May 15, 2020, 10:06 PM

On one hand, anyone should know that there is no presumption of privacy in an internet search. Anybody knows the tech companies use the histories, even sell the dang things. ["We collect only aggregate data,". Uh huh.] We already know that anyone, police or otherwise, can follow you around in public places, photo you, whatever. They can watch to see what you buy from the newsstand, check out at the library. They can dig through your trash. If a delivery company leaves a package on your porch, my guess is that they can look at it. Probably can't pick it up (might be a search). Public is public. The internet is public. Get over it.

Don't get me wrong, I would love to see warrants required. I am just seeing the other side of it here. What is the other side?

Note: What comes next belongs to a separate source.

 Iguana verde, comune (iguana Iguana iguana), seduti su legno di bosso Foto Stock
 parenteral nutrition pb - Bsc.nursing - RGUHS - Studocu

I will be an easy persuade. You guys have seen my comments here recently upholding the idea that the police need to get out of the business of targeting innocent people, engaging them to commit a crime they would otherwise have not committed. Seriously, that's USSR and China type stuff. [I know, that was racist.] First know you have a crime - not suspect, know - then go after a person for that crime, not something barely tangent. Start with crimes, follow those to people. Leave everyone else, everyone, the hell alone.

So, I will be an easy sell. To me, we all the know internet use is out there in public, so no one can presume it to be private. What's the other side?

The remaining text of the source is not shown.